= Tom Kingsbury =

American business executive

Thomas A. Kingsbury (born 1952) is an American businessman and executive. He is a former Chief Executive Officer at Burlington Stores, Inc. and Kohl's.

== Early and personal life ==
Kingsbury obtained his bachelor's degree from the University of Wisconsin-Madison.

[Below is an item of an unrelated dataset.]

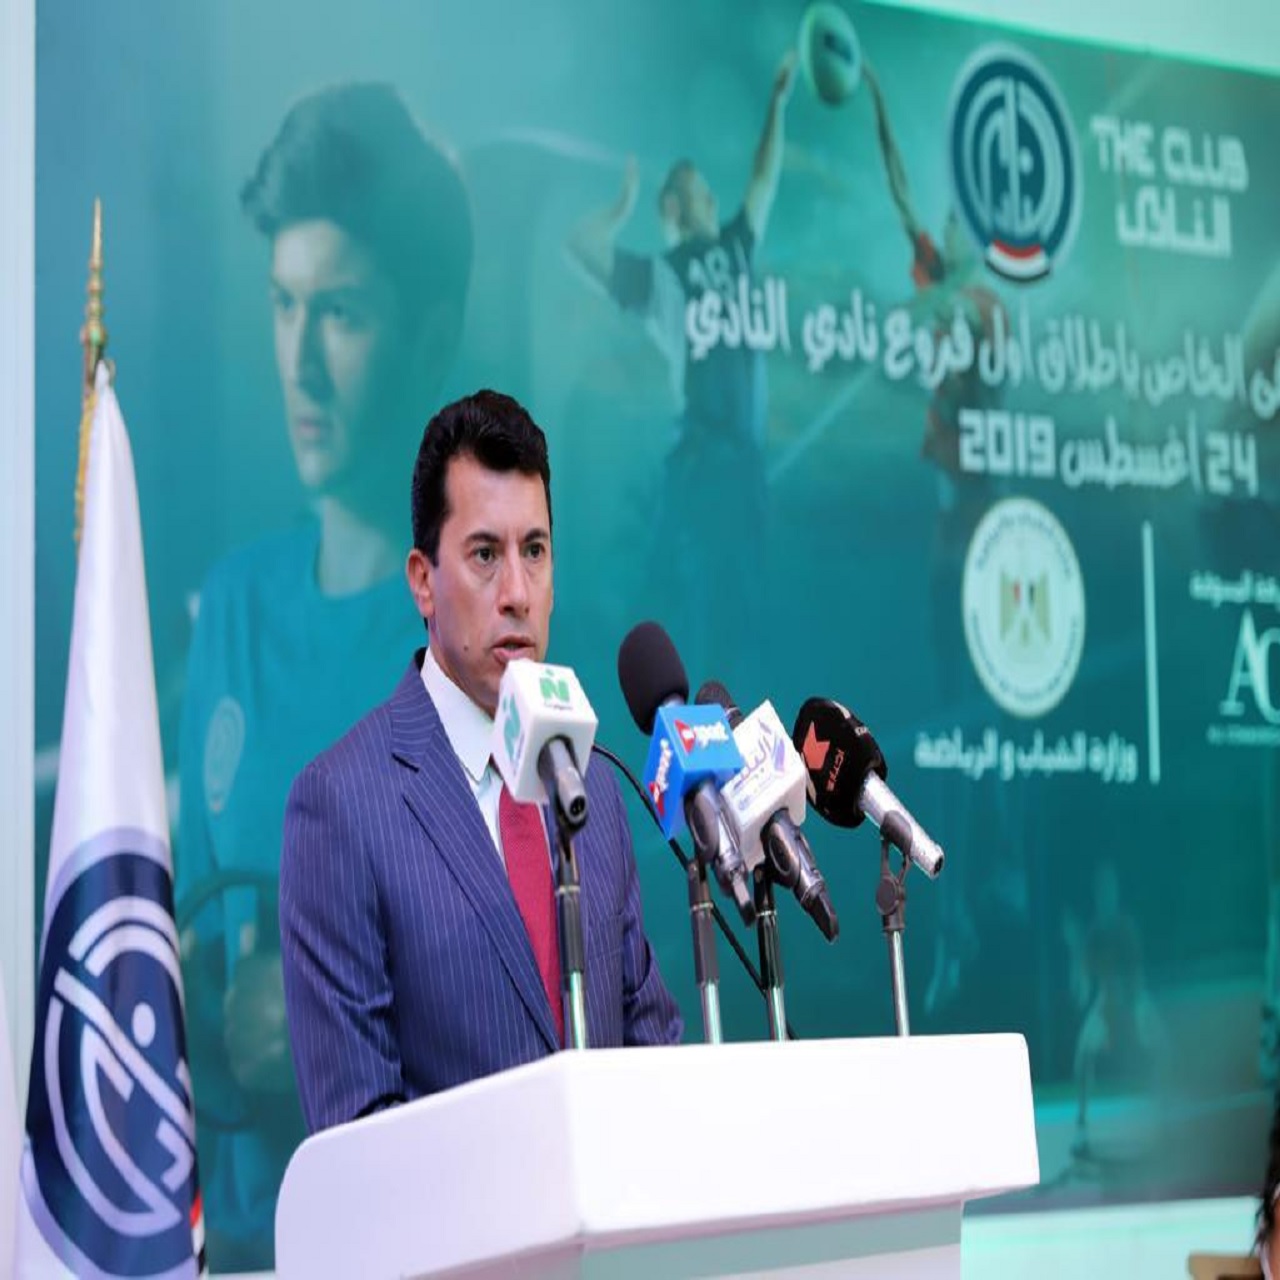 وزير الرياضة المصري يشهد إطلاق الفرع الأول لسلسلة أندية النادي
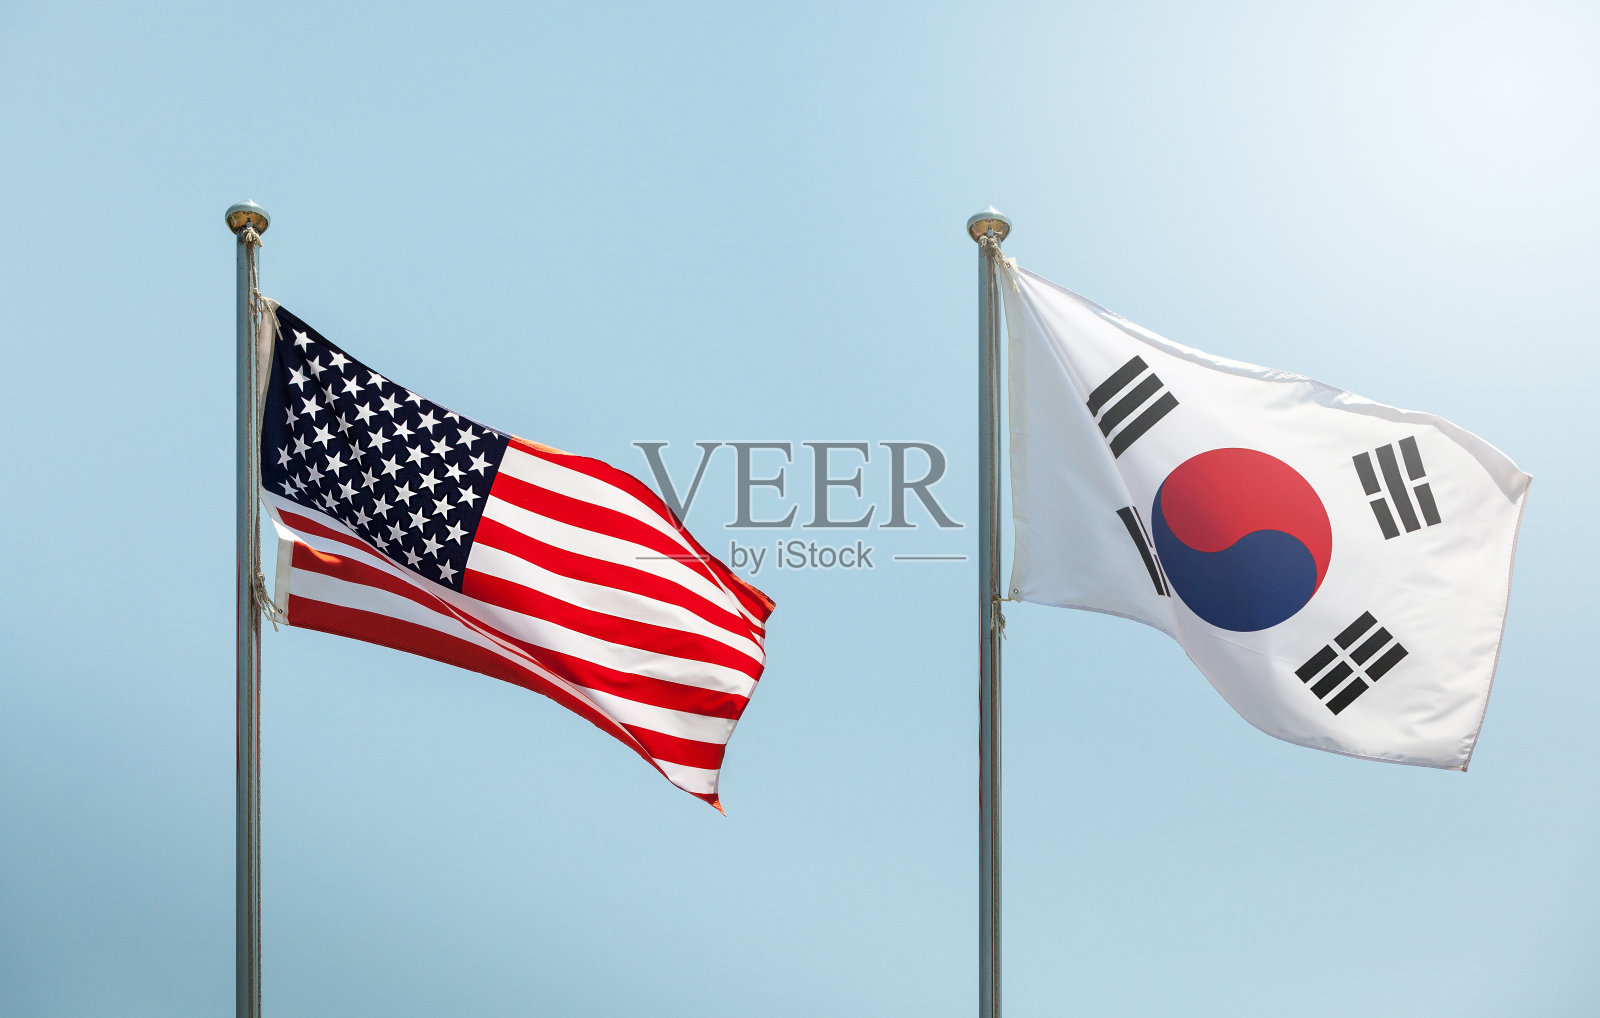 在蓝天上挥舞着美国国旗、星条旗、星条旗和韩国国旗、韩国和美国联盟、美国和韩国联盟照片摄影图片

His daughter is journalist Kathleen Kingsbury.

== Career ==
Kingsbury was Chief Executive Officer and President of Burlington Stores, Inc. from 2008 to 2018. Kingsbury was appointed Chairman of the Board of Burlington Stores, Inc. in May 2014. Prior to joining Burlington Stores, Inc., he served as Senior Executive Vice President- Information Services, E- Commerce, Marketing and Business Development of Kohl's Corporation from August 2006 to December 2008. Kingsbury had also served in various management positions with The May Department Stores Company, an operator of department store chains, commencing in 1976 and as President and Chief Executive Officer of the Filene's division since February 2000.

In Dec. 2022, Kingsbury, who had been on the Kohl's board since 2021, was appointed interim CEO, before taking over permanently in 2023. In January 2025, Kingsbury stepped down as CEO of Kohl's, but retained in an executive advisory role for new CEO Ashley Buchanan. He was on the Kohl's Board until his retirement in May 2025.